Deon Smith

Personal information
- Full name: Deon Desmond Smith
- Born: 30 March 1968 (age 58) Stellenbosch, Cape Province, South Africa
- Batting: Left-handed
- Bowling: Right-arm fast
- Role: Bowler

Domestic team information
- 1991–1994: Boland
- 1993–1994: Boland B

Career statistics
| Competition | FC |
| Matches | 11 |
| Runs scored | 22 |
| Batting average | 2.44 |
| 100s/50s | 0/0 |
| Top score | 7* |
| Balls bowled | 1,533 |
| Wickets | 22 |
| Bowling average | 33.31 |
| 5 wickets in innings | 1 |
| 10 wickets in match | 0 |
| Best bowling | 5/80 |
| Catches/stumpings | 4/– |
- Source: CricketArchive, 1 September 2015

= Deon Smith =

South African cricketer

Deon Dewald Smith (born 30 March 1968) is a South African former cricketer who is the current coach of South Western Districts at South African provincial level. His first-class player career for Boland spanned 1991 to 1994.

Born in Stellenbosch, Smith made his first-class debut in January 1991, against Border during the 1990–91 season of the Castle Bowl (the second division of the Currie Cup). A right-arm fast bowler who batted with the opposite hand, in his first match he took 2/26 and 4/59, which included the wicket of South African international Peter Kirsten in both innings. Despite his debut performance, Smith played only irregularly for Boland over the following years, although he did play the entire 1993–94 season for the Boland second XI (known as Boland B). That team had gained first-class status for a single season only, following the senior Boland team's promotion to the main division. Smith's only five-wicket haul, 5/80 from 31.3 overs, came against Griqualand West in the first match of the 1993–94 season. His final match at first-class level came in March 1994, when Boland played the touring Australians. Smith finished his career with 22 wickets from 11 matches, and made exactly the same number of runs, which came at a batting average of only 2.44.

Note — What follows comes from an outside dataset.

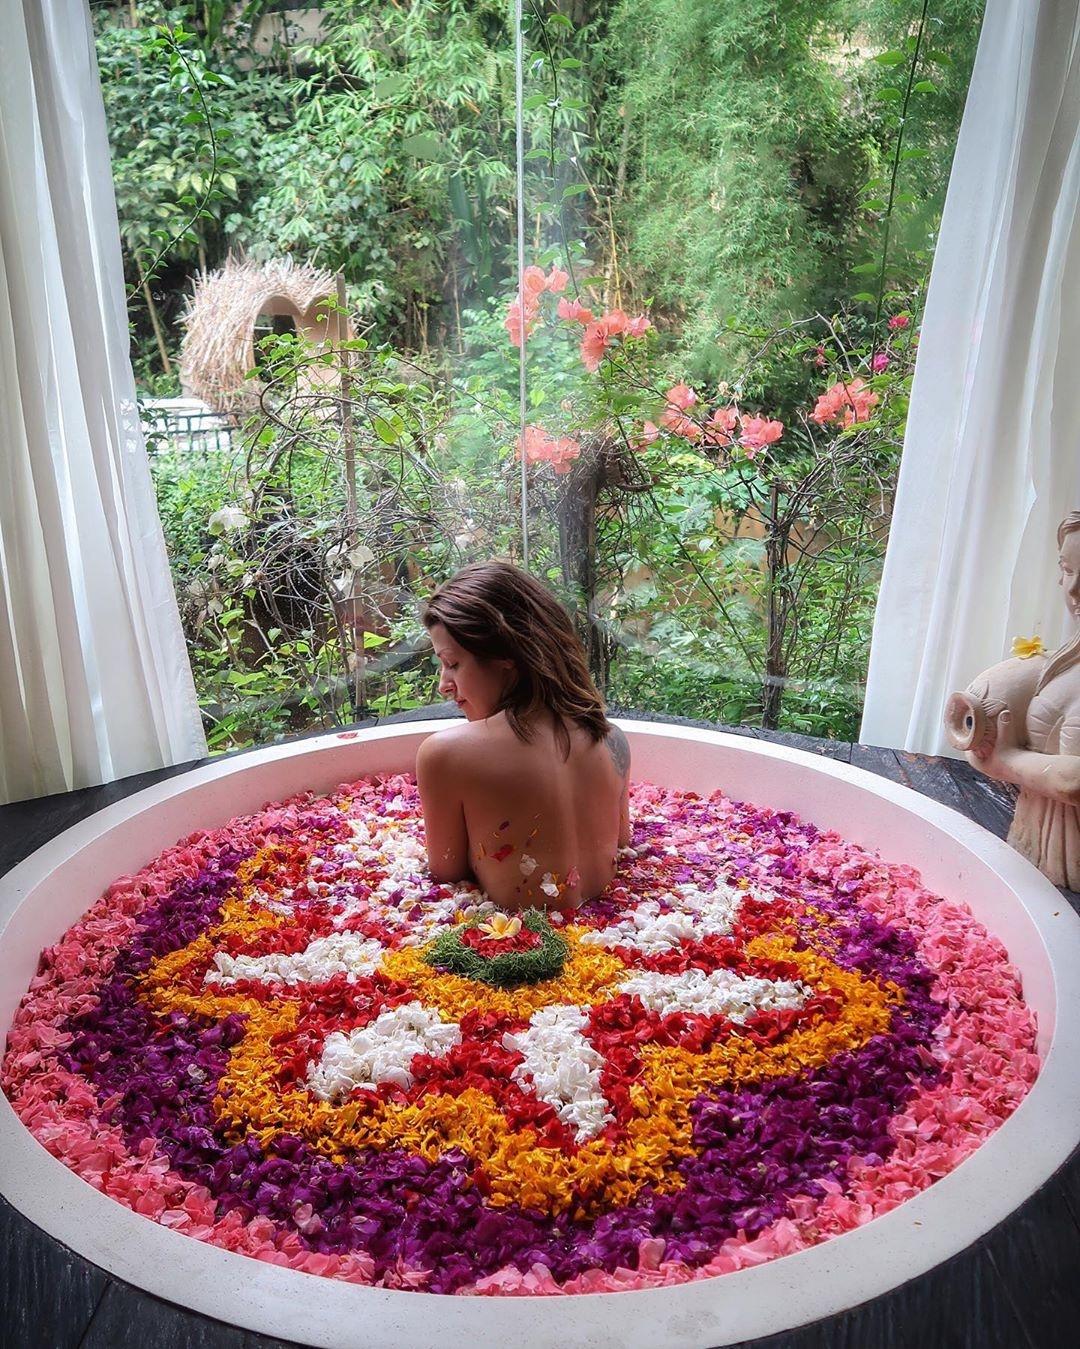 Nhung bon tam hoa tuyet my cho cac cap doi o Bali hinh anh 23 79274366_142611850497949_372373662602245585_n.jpg
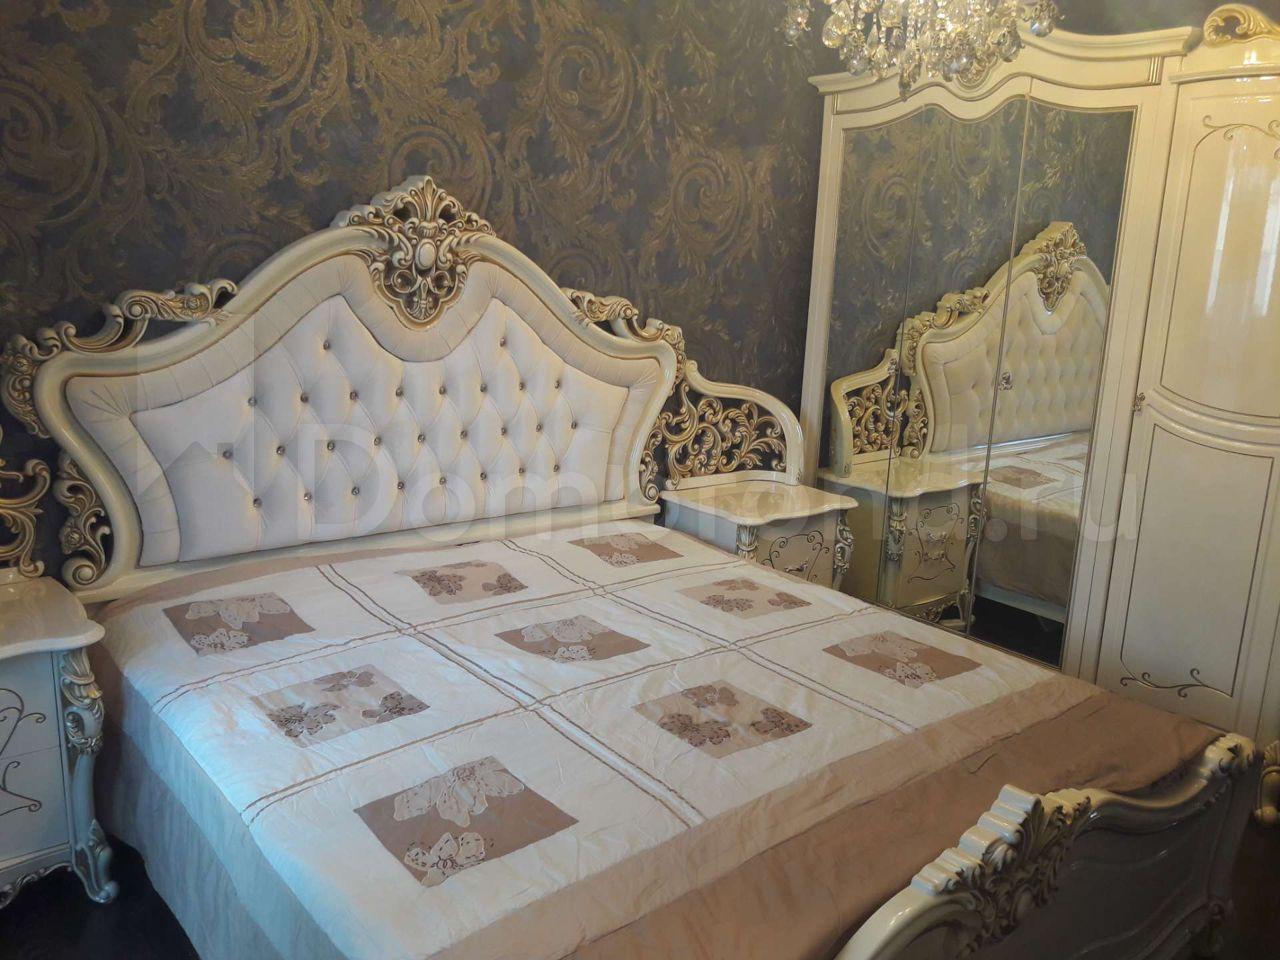 Квартира 3-комн. квартира, 85 м², 6/9 эт. Гагарин

Smith was appointed coach of South Western Districts for the 2006–07 season, its inaugural season in the CSA Provincial Competitions, and remained in the role until the end of the 2008–09 season. In August 2014, he was re-appointed coach of the team for the 2014–15 season, and in June 2015, it was announced that he had been retained for the following 2015–16 season, including the inaugural Africa T20 Cup.